Being a Director and/or Secretary has Real Responsibilities

It is important to note that becoming a Director or Secretary has real responsibilities, duties (a fiduciary duty in law) and penalties under the current UK Companies Act 2006. When accepting such a post it is important to note that it is the company that you owe a duty of care to, which includes the shareholders, if different from the director(s)/secretary. In layman’s terms, it basically means doing all you can to protect the interests of the company (shareholders), keeping within the law and, in particular, not using any information garnered from holding such a position for one’s own or a 3rd party’s personal interests.

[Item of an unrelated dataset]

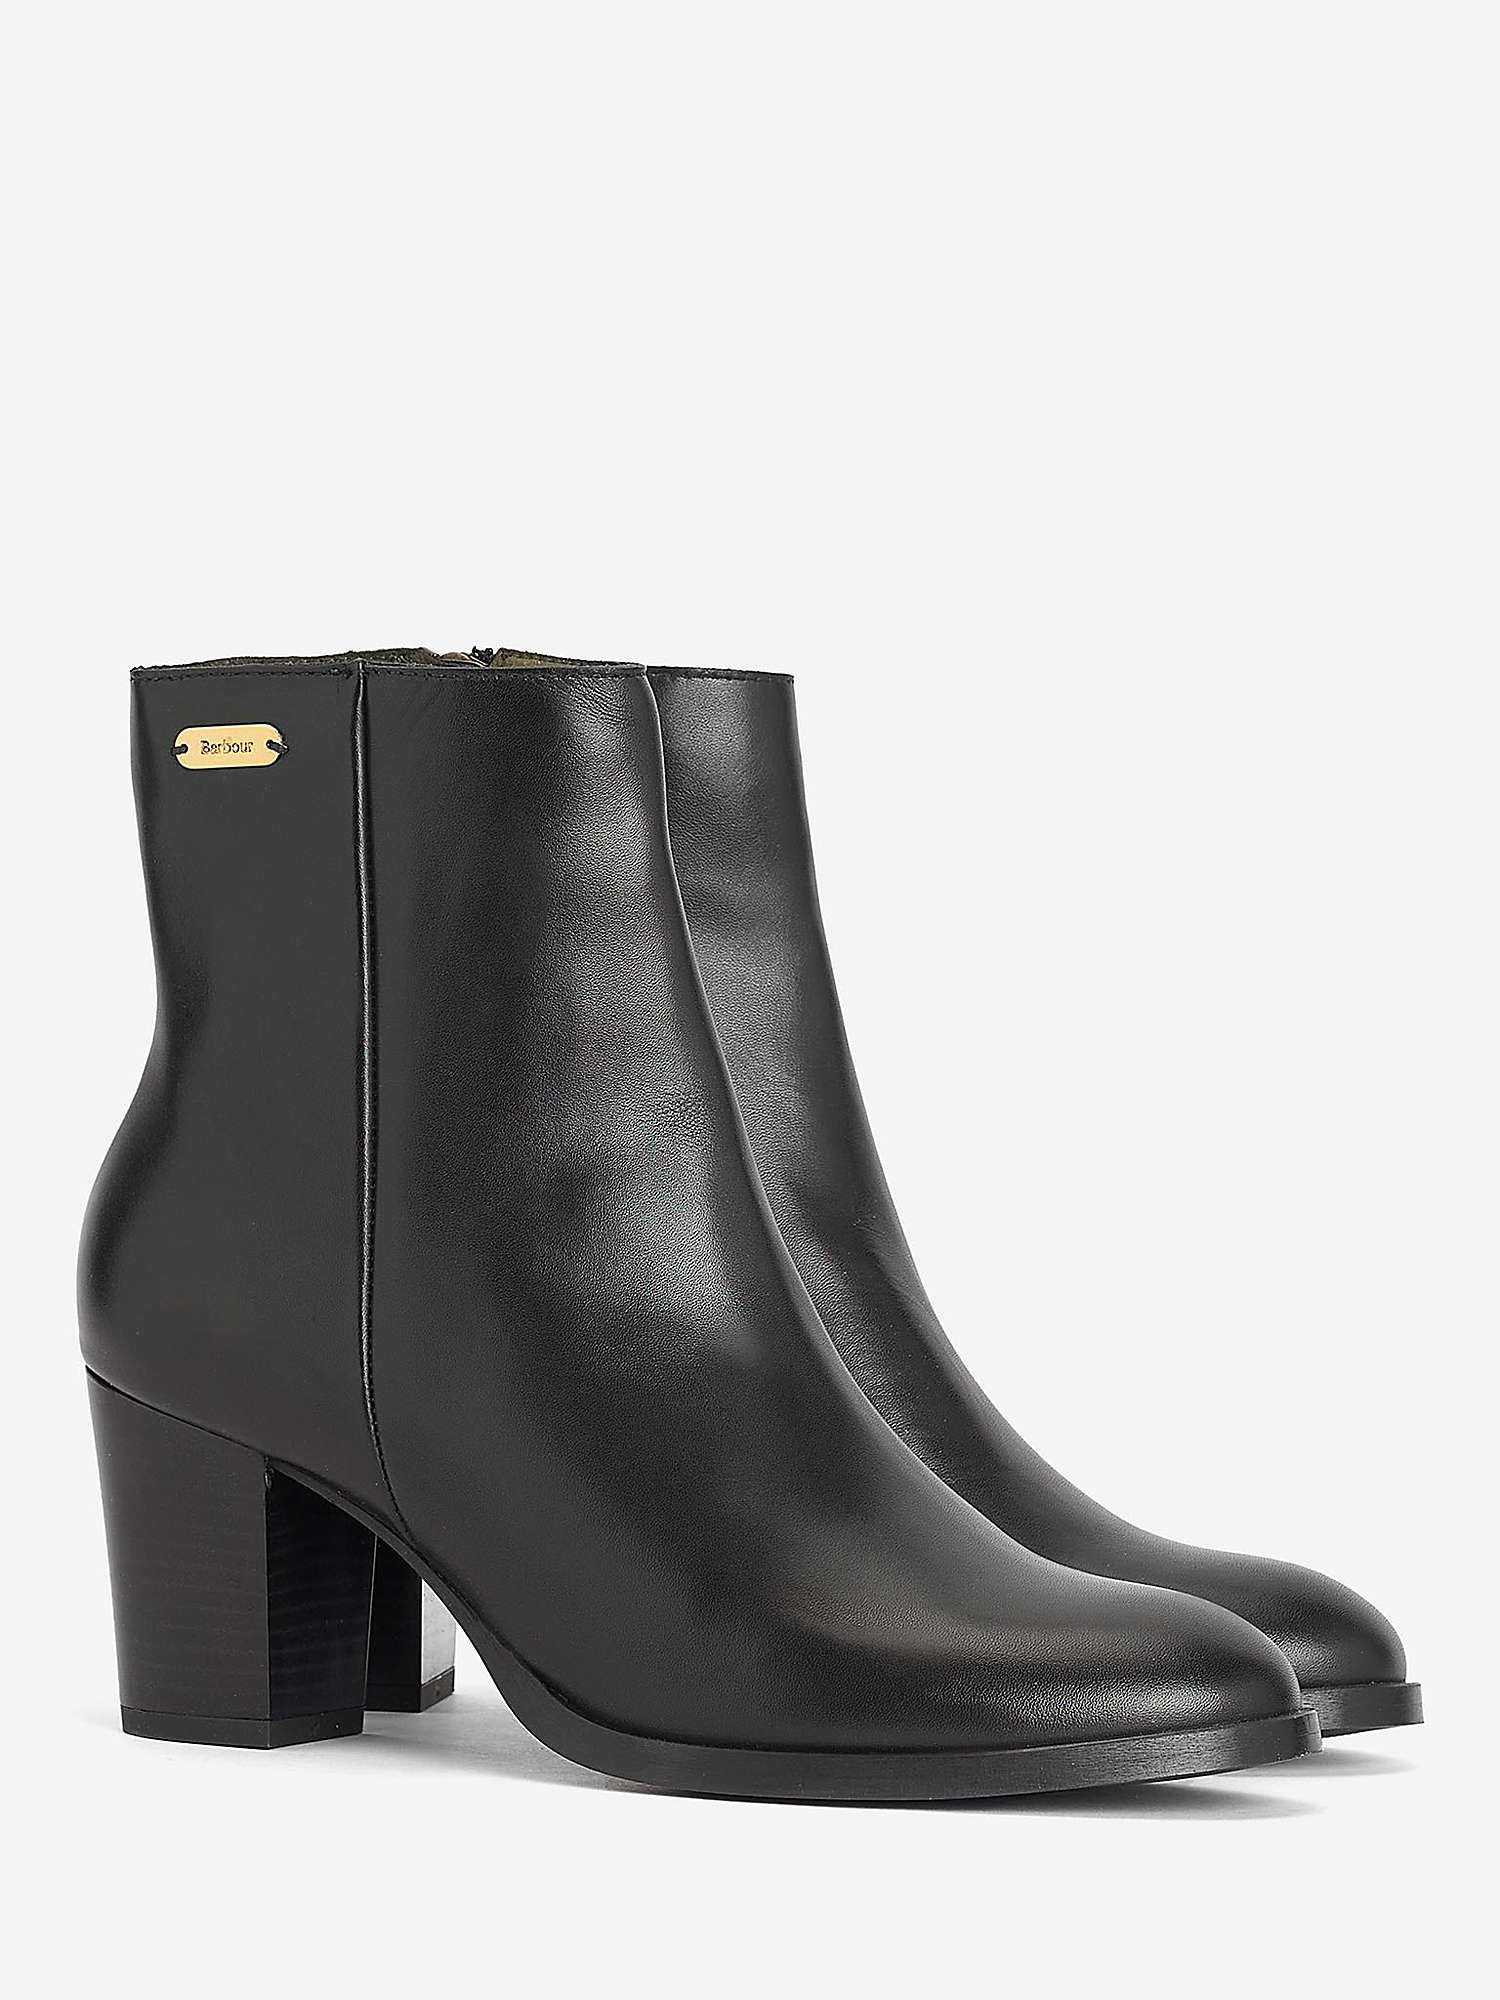 Buy Barbour Amelia Leather Ankle Boots, Black Online at johnlewis.com

With effect from the 1st of October 2007, the duties of a Director(s) of a UK company are:

  • S.171 of the Companies Act 2006: The duty to act within the powers prescribed by Statute and the said company’s memorandum (which basically states what a company can do) whilst the articles of association deal with how a company should be administered, the rights of all parties involved with the company namely the director(s), secretary and shareholders. The articles will also provide information on how basic and special resolutions must be held, the rights of shareholders including the rights that are ascribed to particular types of shares including ‘ordinary’ shares and ‘preference’ shares which might have special powers relating to voting or give extra or less rights to distributed dividends;
  • S.172 of the Companies Act 2006: Under this section it is clear that directors have an absolute obligation to act in the best interests of the company. Within this section there are 6 separate factors to consider including, but not limited to, the consideration of the company’s employees, the long-term consequences of a decision, the equity or fairness to shareholders of a particular decision and finally the impact of the decision upon the community and environment at large;
  • S.173 of the Companies Act 2006: Under this section it is clear that directors must exercise independent judgment and cannot act as mere nominees for others no matter how or by whom they have received their position;
  • S.174 of the Companies Act 2006: This section expresses what, in effect, was the old fiduciary duty of a director but extends such duties to take all necessary care, diligence and exercise objective reasonable skill to non-executive and/or nominee directors;
  • S.175 of the Companies Act 2006: The deals with the requirement of directors to try and avoid ‘conflicts of interest’ especially where family members are concerned;
  • S.176 of the Companies Act 2006: This requires directors not to accept benefits (direct or indirect) from 3rd parties; and finally
  • S.177 of the Companies Act 2006: This again seeks to keep all company transactions transparent and declare any interest in transactions or arrangements involving the company.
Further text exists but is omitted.